Análisis de discrepancias
La discrepancia entre los TP teóricos y reales puede atribuirse a varios factores. La congestión de la red, especialmente durante los altos volúmenes de transacciones, puede reducir significativamente las TPS real. Los mecanismos de consenso ineficientes, como los que requieren un cálculo extenso para cada bloque, pueden no escalar como se esperaba en condiciones del mundo real. Además, muchos proyectos calculan los TP teóricos en escenarios ideales, como la latencia mínima y los tamaños de bloques máximos, que rara vez se pueden lograr en Mainnets. Esta sobreestimación puede engañar a las partes interesadas, lo que lleva a inversiones erróneas y expectativas poco realistas para los desarrolladores que construyen aplicaciones descentralizadas.

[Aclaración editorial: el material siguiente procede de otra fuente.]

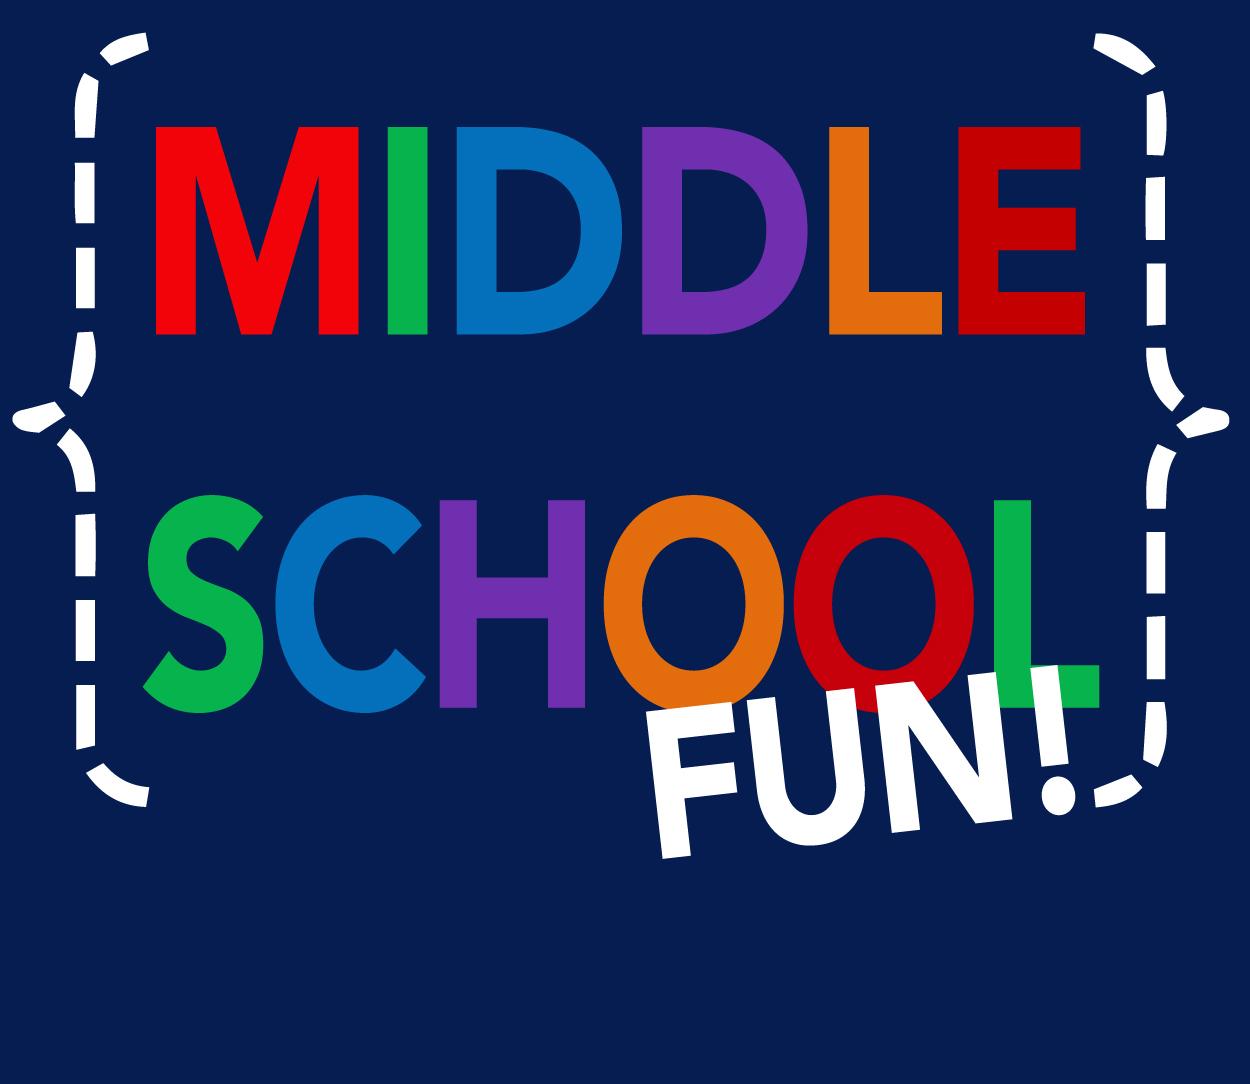 Middle School Fun

Insights de expertos e implicaciones de la industria
Steven Pu, en un comunicado de prensa exclusivo compartido con los medios, enfatizó la necesidad de transparencia: “Los inversores, desarrolladores y usuarios merecen transparencia. La industria de blockchain ha estado obsesionada durante mucho tiempo con las figuras de rendimiento teóricas, pero los números generados en un laboratorio significan poco si no pueden replicarse en condiciones del mundo real «. Este sentimiento subraya el llamado del estudio a informes realistas, lo que podría fomentar una mayor confianza y adopción en el ecosistema blockchain. La introducción de TPS por dólar como métrica alienta a los proyectos a centrarse en el rendimiento rentable, lo que puede impulsar la innovación en la optimización de hardware y los algoritmos de consenso.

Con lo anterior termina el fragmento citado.